If the authorities in the camp maintain impunity for these groups for their own benefit, they are responsible for Karamoko’s death. Responsible as much, or more than, the knife.

But responsibility for this murder goes beyond the camp. The tangle of fighting, gun violence and murder also feeds the racist imagery of the “other”, the “violent and criminal savages.” A discourse that seeks to dehumanize people on the move in order to justify the war being waged against them.  A discourse that seeks to justify in the social imaginary how more than 20,000 people can live in physically and psychologically inhuman conditions. This racist discourse is not exclusive to extreme right-wing groups, but is also among those who supposedly work in solidarity with migrants. Following a fight that resulted in the stabbing of a Greek person a few months ago, a well-known NGO shamelessly wrote the following, addressing “all refugees” in a supposedly civilizing lesson:

But, as we try to show people that you suffer in your own countries, and that we have to leave racism behind, you show the face of racism between you. And you fight with your own people and you kill each other, in the country you came to ask help from. How then, can people trust you, and support you, if they are afraid they might be the next victim?

When we disagree on something, we sit down and talk. We use knives to cut our bread and food, sat together around a family table to eat.

And actually they are right. Most Europeans use knives to cut bread, because they do not dirty their hands with blood when they kill. We sit at the family table, while maintaining these camps where people are crowded together without any rights. That “father of the family who cuts bread with the knife” is one of the coastguards responsible for the murder a few weeks ago of four people who were trying to reach Lesbos from Turkey. For example.
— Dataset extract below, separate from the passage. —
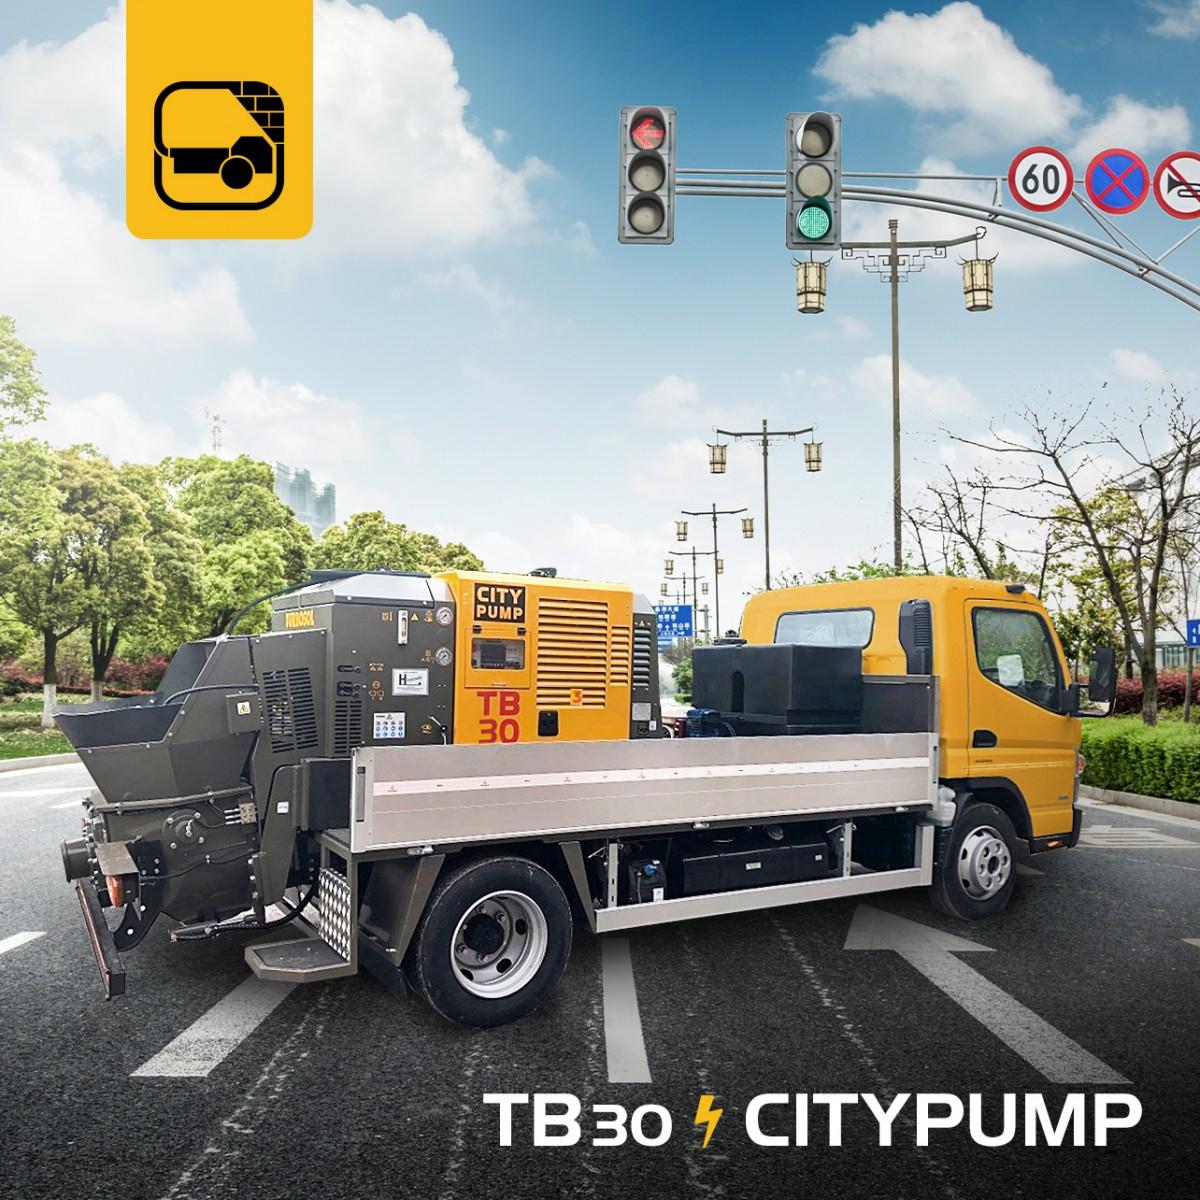 TB 30 Citypump

The fathers of the family are the businessmen, politicians, policemen and all those who directly or indirectly participate in this Europe that long ago learned to steal and murder in a subtle and silent way.  All the people whose silence makes them accomplice.

The false notion of civilized Europe seeks to hide its colonial and violent past, its neo-colonial and violent present. A Europe that has been historically nourished by the exploitation of “everything else”, in a process of capital accumulation through dispossession and plunder. A historical reality that at the same time explains why millions of people are forced to leave the territories where they were born to end up in a refugee camp like this one. Maintaining this discourse of “civilized Europe” versus “violent and murderous migrants” is especially important today, given that the explicit violence on European borders and the clear retreat of the rights of migrants is clearer than ever and must be legitimized.

In war the enemy is not human.

I would like to say that Karamoko was not killed by a knife, nor by a person from Afghanistan. Not only. Karamoko was killed by a system that uses and disregards the lives of migrants. Karamoko was killed by a camp where people are tortured, and where the lives of all those who live there are sacrificed for a higher purpose. Keep the walls of Europe high, the mass graves full. To keep the plundered treasure in their hands. Karamoko represents the way in which the historical genocide on which Europe was built and is maintained today

Perhaps it is useful to remember, so as not to be blinded by the glare of the knife, the spectacle prepared to distract our attention, the theatre of death ready to continue its silent murders. To say that the police, the state, the European Union and its racist states are responsible for Karamoko’s murder would allow us to understand that we can only get out of this when we identify the real murderers. The murderers beyond the knife.